For several years after the war, Mohagegh divided his time between military service and studies. He earned two doctorates, eventually became a top commander in the Revolutionary Guards, and had three children with his wife. Throughout those four decades, he continued to battle injuries sustained during the Iran-Iraq war. “Over the next few years, he underwent many surgeries,” his wife recalls. “But even when he was in deep and excruciating pain, he never complained. He recovered quickly and did his best to fulfill his military and fatherly duties. No matter how much pain he was in, he believed he had a duty to fulfill.”
When Israel assassinated Mohageg, it was his only daughter who suffered the loss of Mohageg the most. “She was the closest thing to a father. I have two sons, and I often say that the bond between father and daughter is very strong, and that’s exactly what happened in our family.”

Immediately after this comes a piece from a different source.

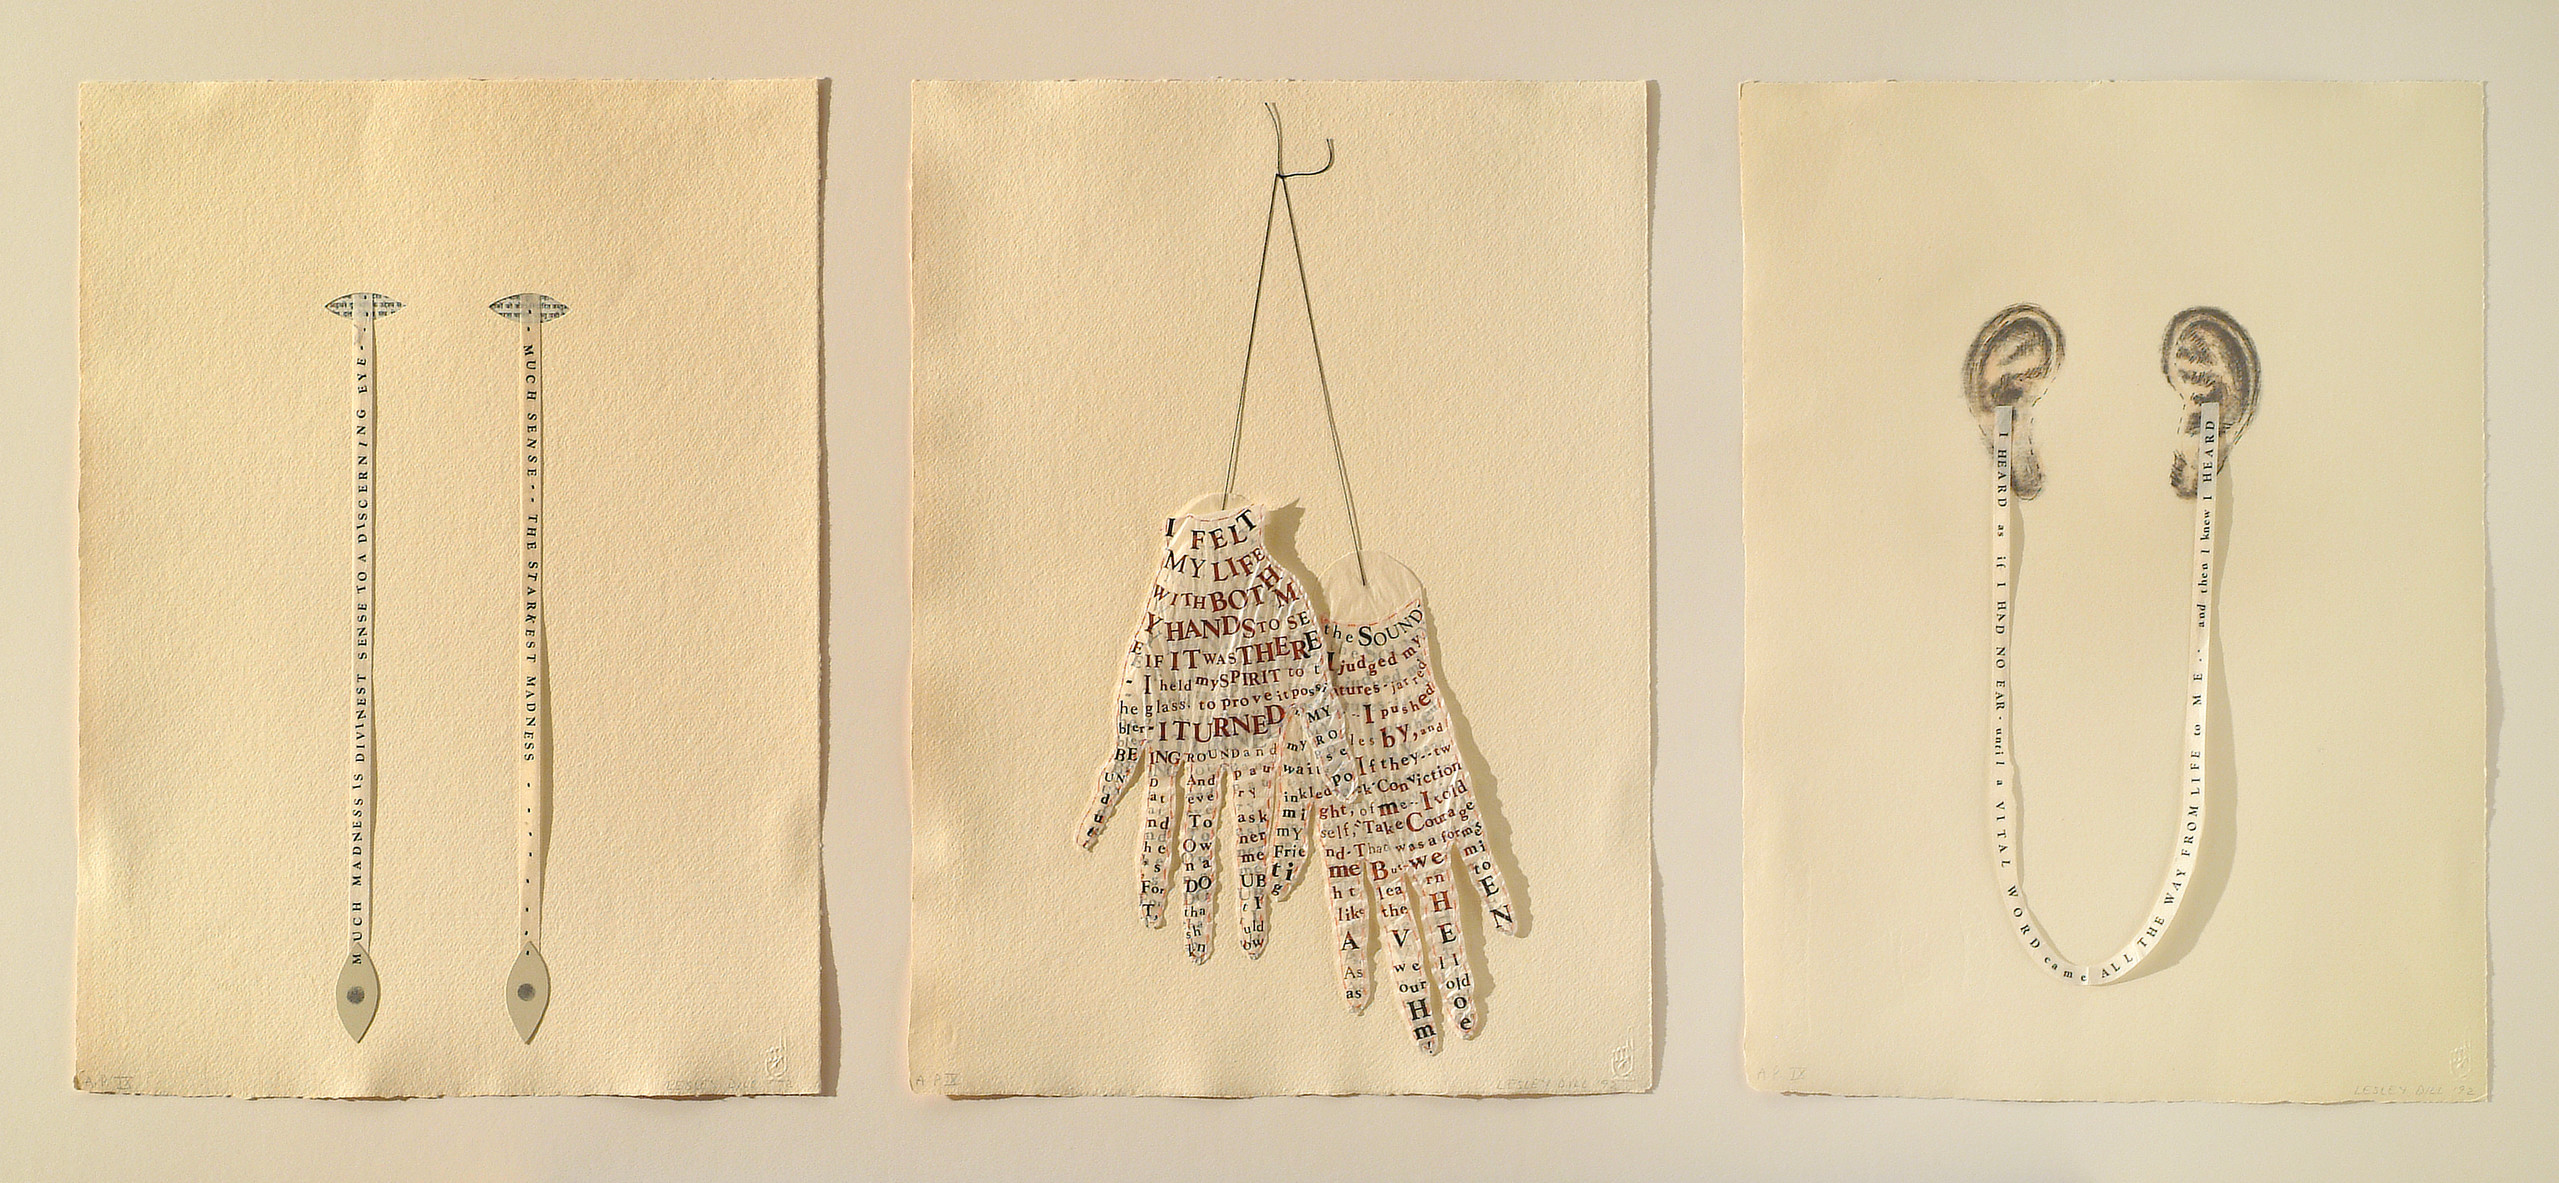 Three side-by-side works on vanilla-colored paper features eyes, hands and ears with words printed on them.

Days after Mohage’s martyrdom, his daughter told her mother that she believed her father had helped her cope with the grief. “After some very difficult days, my daughter started to improve. She told me that she was feeding the infant when she felt her father’s presence in the room. Her father’s presence made her feel much better.”
From the day a young Mohagegh was wounded in the Iran-Iraq War to the day he was assassinated by Israel decades later, much has happened. “But he remained the same. Even in his 60s, he was the same determined young man I saw when I first met him. His ultimate goal was to serve his country and his God, and he did just that,” his wife said.